Гребер пошел следом. За кирпичной стенкой он увидел погибших. Как на бойне, подумал он. Нет, не как на бойне, на бойне порядок, животных резали по правилам, спускали кровь, потрошили. А здесь тела раскромсаны, искрошены, разорваны, обожжены и изжарены. На них еще сохранились клочья одежды – рукав шерстяного свитера, юбка в горошек, штанина из коричневого вельвета, бюстгальтер, в косточках которого висели черные, окровавленные груди. В стороне – беспорядочная кучка убитых детей. Бомба настигла их в убежище, оказавшемся недостаточно прочным. Руки, стопы, раздавленные головы с обрывками волос, перекрученные ноги, школьный ранец, корзинка с мертвой кошкой, очень бледный мальчик, белый, как альбинос, мертвый, но с виду совершенно невредимый, словно еще не одушевленный, ждущий, когда его оживят, а перед ним труп, обгоревший дочерна, неглубоко, но равномерно, только одна стопа красная и сплошь в пузырях. Даже не поймешь, мужчина это или женщина, гениталии и грудь сгорели дотла. На скрюченном черном пальце ярко сверкало золотое кольцо.

– Глаза, – сказал кто-то. – Надо же, глаза тоже сгорают!

Трупы складывали на телегу.

– Линда! – Какая-то женщина пошла за носилками. – Линда! Линда!

Выглянуло солнце. Мокрые от дождя мостовые засверкали. Уцелевшие деревья блестели влажной свежей зеленью. Свет после дождя был чистым и сильным.

– Это простить нельзя, – сказал кто-то у Гребера за спиной.

Он обернулся. Женщина в кокетливой красной шляпке неотрывно смотрела на детей.

– Нельзя! – сказала она. – Никогда! Ни в этой жизни и ни в той!

Подошел патруль.

– Проходите! Не задерживайтесь! Проходите! Вперед!
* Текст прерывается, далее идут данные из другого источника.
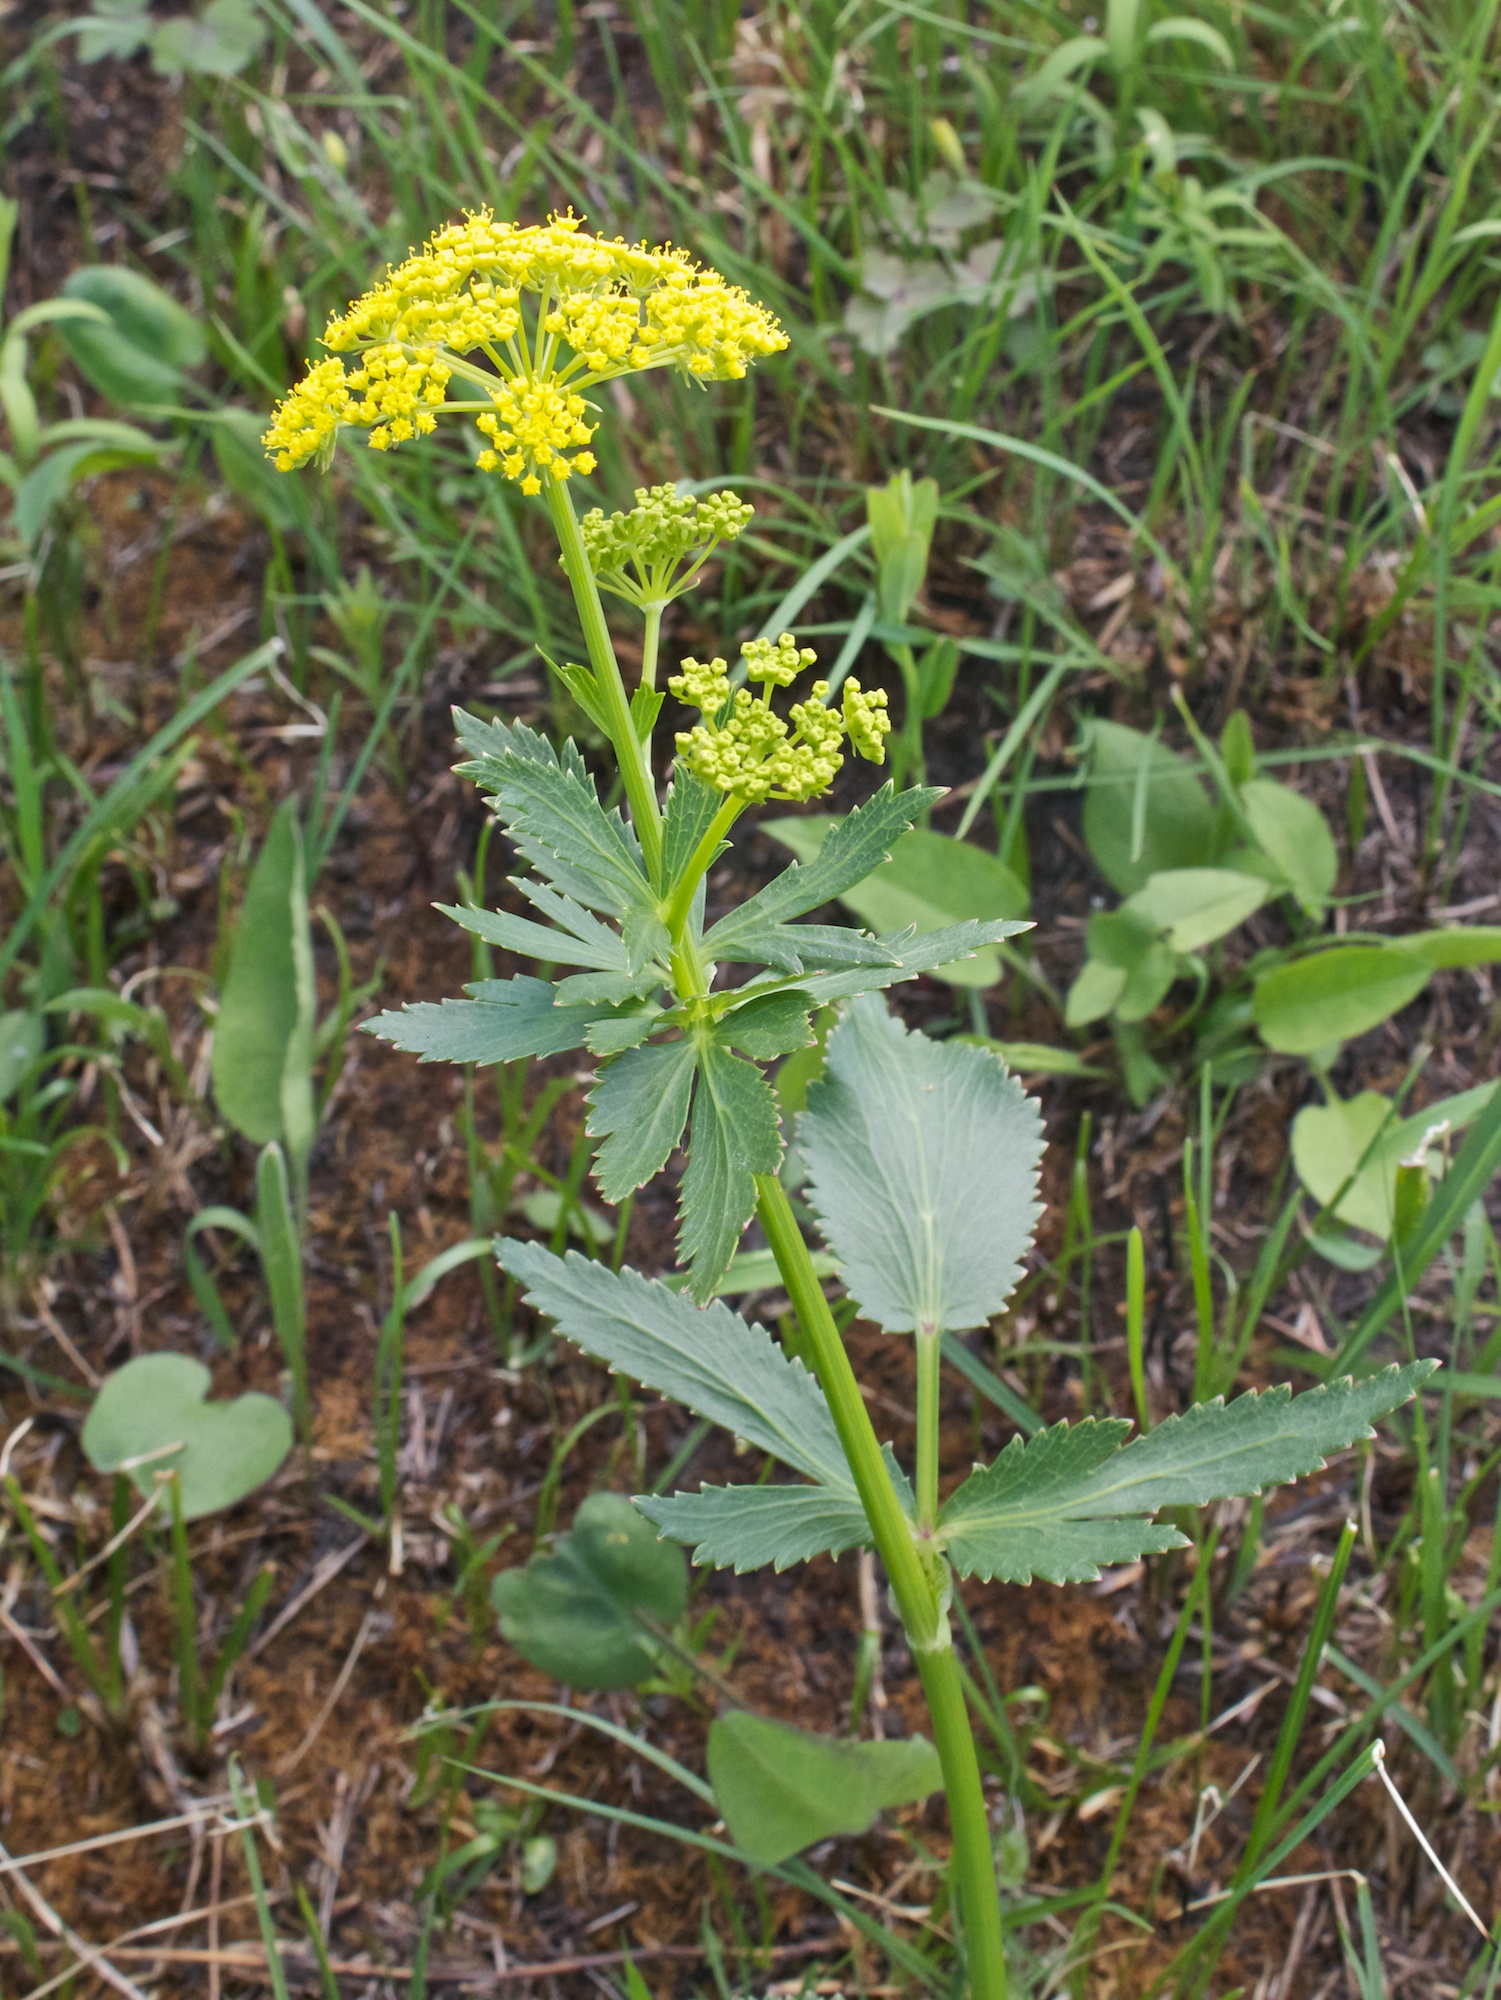 Wild parsnip (Pastinaca sativa) plant in situ

Гребер зашагал дальше. Что нельзя простить? – думал он. После этой войны будет страшно много такого, что нужно простить и нельзя простить. Жизни не хватит. Он и раньше видел мертвых детей, видел повсюду – во Франции, в Голландии, в Польше, в Африке, в России, и у всех у них были матери, которые их оплакивали, не только немецкие. Но почему он думал об этом? Разве час назад сам не кричал: «Сволочи! Сволочи!», глядя в небо на самолеты?


Дом Элизабет от бомбежки не пострадал, но во второй от него дом угодила зажигалка, ветер раздул огонь, и теперь горели крыши всех трех зданий.

Домоуправитель стоял на улице.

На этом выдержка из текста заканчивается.